Interaction is being verified where state should be. verify(repo).save(any()) instead of asserting the repository contains the saved entity (use a fake repository — an in-memory implementation — and assert on its state).
Mocks of types you own. Mocking your own OrderService couples the test to your internal API. Mock the PaymentGatewayClient (a third party) — not your own service layer.

The "is mockist DI over-engineering?" debate lives here. Introducing an interface + DI container + mock purely so a unit test can be written — when the collaborator is fast, deterministic, and yours — adds indirection with negative value: harder navigation, a test that locks in structure, and no isolation benefit (the real collaborator would have been fine). Mark Seemann (Dependency Injection Principles, Practices, and Patterns, 2019) draws the line: DI is for volatile dependencies (I/O, non-determinism, things that change for non-design reasons). Injecting stable dependencies (a pure formatter, String, a math helper) is ceremony, not decoupling.

The DHH critique: test-induced design damage¶

David Heinemeier Hansson's "Test-induced design damage" (2014) and the subsequent Is TDD Dead? conversations with Kent Beck and Martin Fowler are required reading at this level because they articulate the strongest argument against designing for testability — and the responses sharpen what testability should actually mean.

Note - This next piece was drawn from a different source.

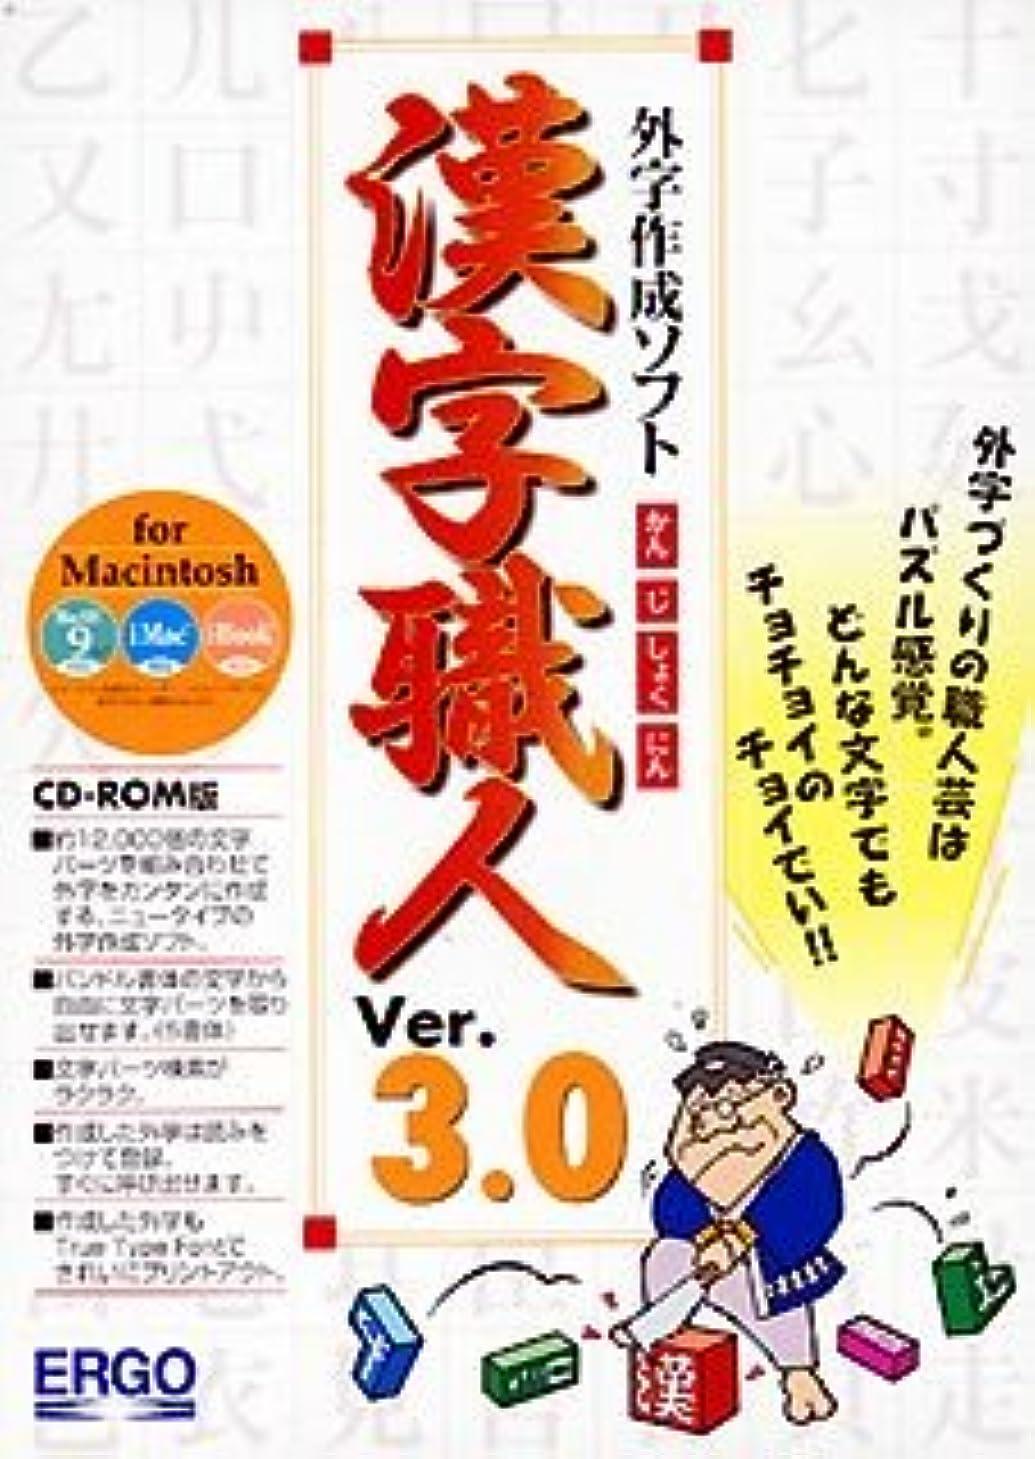 醜いめるプラス漢字職人 Ver.3.0 for Macintosh

DHH's claim: TDD-by-the-book pressures you to (a) extract layers of indirection (service objects, ports, adapters) whose only justification is isolating the unit, (b) replace fast integration tests that exercise real behavior with mock-laden unit tests that verify nothing about the real system, and (c) end up with a design that is worse — more files, more indirection, more conceptual weight — in pursuit of a metric (isolated unit testability) that was never the goal.

The Beck/Fowler responses concede the failure mode is real but locate the error differently:

Fowler: the damage comes from mockist dogma plus shallow units, not from testing per se. The cure is testing at the right granularity (his "self-testing code" doesn't require everything to be a mock-isolated unit; integration tests are tests too).
Beck: TDD is a tool with a cost/benefit envelope; applying it to code that is naturally hard to isolate (a thin Rails controller wired to the framework) is using the wrong tool. He explicitly rejects "test isolation at any cost."

The synthesis a professional carries away: design for testability means design for controllability and observability — not "make every class unit-testable in isolation." If the natural design is a Humble Object (a thin shell with no logic, tested by an integration test) plus a pure core (tested with values), that is more testable and less damaged than shattering it into mock-isolated services. The damage DHH describes is real and is what you get when you confuse "testable" with "mockable."

Property-based testing as a design force¶

Property-based testing (PBT) — QuickCheck (Claessen & Hughes, 2000) and its descendants Hypothesis (Python), jqwik (Java), Go's native testing/quick and fuzzing — changes what testability means. Example-based tests push you toward designs where you can construct specific scenarios. PBT pushes you toward designs with statable invariants: properties that hold for all inputs.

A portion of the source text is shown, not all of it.